Bruce Payne and Elizabeth Gracen both played Immortals in the popular Highlander franchise.

==Reception==
The TV Guide website has given the film a rating of 2.5 out of 4. A reviewer for the TV Guide stated that 'Frankie's slablike features and seedy-cool demeanor initially makes him just one outsized thug among many, but Payne gradually warms up the protagonist and balances nicely against Hawkes's scenery-chewing Joe Pesci act'. Matt Spector stated that the film 'is enjoyable with enough action scenes and twists and turns to keep the audience interested'. A different reviewer stated that 'the ungainly script is low on both ideas and excitement'. Mick Martin and Marsha Porter described the film as a 'mildly diverting tale of two low life hoods'.

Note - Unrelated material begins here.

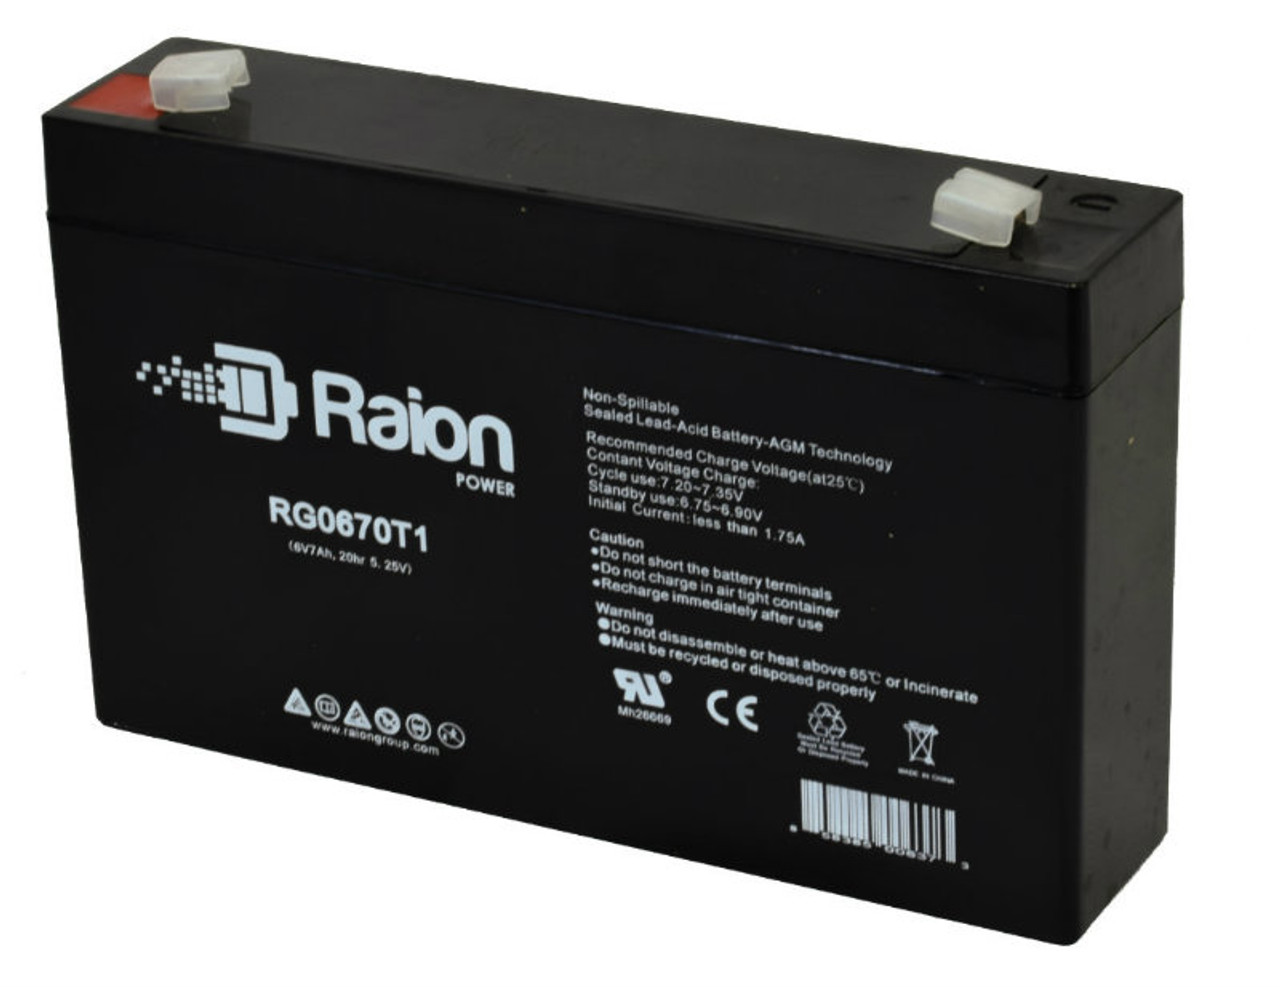 Raion Power RG0670T1 6V 7Ah Replacement Emergency Lighting Battery for Lithonia LLBE1

Dragan Antulov stated that 'the plot recycles many obligatory elements of low budget crime movies (vengeance as the prime motive for one of the protagonist, good guys who don't turn out so good at the end) and combines them with Tarantinoesque portrayal of small time criminals as protagonists'. VPRO Cinema awarded the film 3 out of 5 stars.
A reviewer for Film Review stated that 'Payne oozes charisma in a film which delivers plenty of cheap thrills but few surprises'.
Edmond Grant stated that the film's 'involved skullduggery holds few surprises in the end'. Joe Corey stated that the film 'seems like a cheap Miami Vice knock-off minus the golden talents of Philip Michael Thomas'. Nonetheless, Corey praised the acting of Hilary Swank, stating that she 'is the reason this film deserves to be seen' as 'she does her best to give life to a character that barely reads on the page' and 'seems very calm dealing with a script that over twists itself with the subterfuge'.